Dec. 19, 2008
When I began planning this whole big trip around the world, something about Nepal called out to me stronger than any other location in the world. I wanted to see these mountains, the Himalayas, these natural monuments of the gods.
As a child I always found peace in the outdoors. Climbing to a high tree limb was like a prayer to me. I offered sacrifices to the wild in the form bloodied knees scraped on boulders and cuts from thorn bushes.
I was always off in the woods, scouting rivers, building forts. The forest was my sanctuary.
When I was 15 and as awkward and angsty as can be, my parents shipped me off to Utah for a two week Outward Bound course of rafting, hiking and canoeing. I joined a group of 18 others my age, many of whom were juvenile delinquents who were taking the course as remediation for minor crimes they had committed. The courses are meant to inspire individual confidence and to teach teamwork and trust.
For two nights toward the end of the trip, each of us kids were left alone in the desert where we were meant to reflect on the lessons we had learned during the previous days. I spent my time writing in my journal and basking in the sun listening to echoes from the canyons and the Green River far below. That solo experience reawakened the joy I had found in nature as a younger child. It was return to grace.
Now, nearly a decade later, I would be setting off alone into the Himalayas on what felt like a familiar journey.
I was nervous planning for the trek. It was late in the season, maybe too late. The most popular time for trekking is October. By December, the temperatures drop around the Annapurna range and many of the inhabitants of the villages in the hills start to abandon their lodges for the winter to take up jobs in Kathmandu and elsewhere. Thorung La, the highest altitude pass in the world which connects the 220 kilometer circuit, is in danger of being snowed in and impassable.

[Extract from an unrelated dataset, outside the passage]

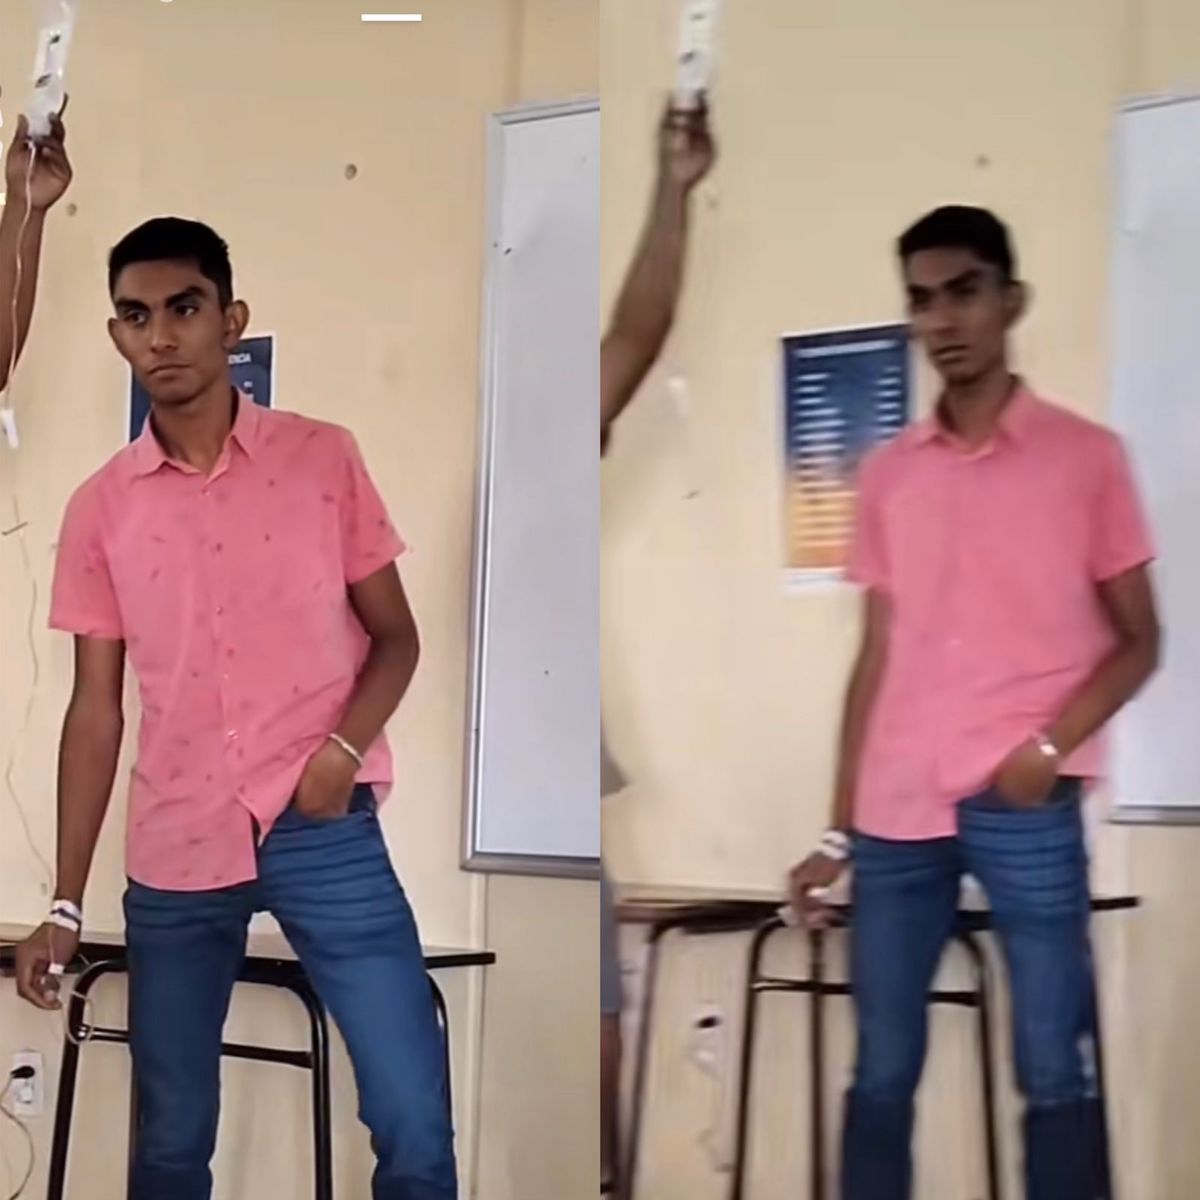 Un video de TikTok se hizo viral porque aparece un joven exponiendo en un aula de clases, pero está conectado a una bolsa de suero: detalles de la historia

I also was getting mixed information on whether or not I should get a guide. Both Lonely Planet and another book on trekking in Nepal strongly discouraged trekking alone, especially as a female. I talked to one agency that caters specifically to female trekkers and got information about all the supplies I would need. The agency suggested that I hire a guide-cum-porter for the trip.
But talking to other trekkers around Pokhara, the resounding message was that the path is easy to follow, the Nepali people are kind and helpful, and there are many others trekkers on the route.
I was torn. Two nights before I was slated to leave, this particular agency ready with a guide for me, I thought about the trip, about how I would be spending almost three weeks with this one person. I hadn't spent that long with anyone on my trip. On the night before leaving, I decided I would go it alone.
On Nov. 30, I boarded a local bus to Beshishar (760 meters above sea level) followed by a jeep to Khudi (790 m) and set off on the Annapurna Circuit. That first day, because of a late start, I only walked a short distance to the small village of Bhulbhule (840 m), named after the sound of a small spring nearby. I was excited but still anxious about what I was undertaking. I also felt quite alone. I was the only trekker staying in the lodge. But then I looked out the window of my tiny room and saw this sight (see photo). The river, the forest, the mountain... they were like an answered prayer.
1 comment:
Seven Rivers, yes, I remember my wandering child, up a tree, in a stream, always wet sneakers, always bandaids, flying and leaping around like a kangeroo. You da bomb!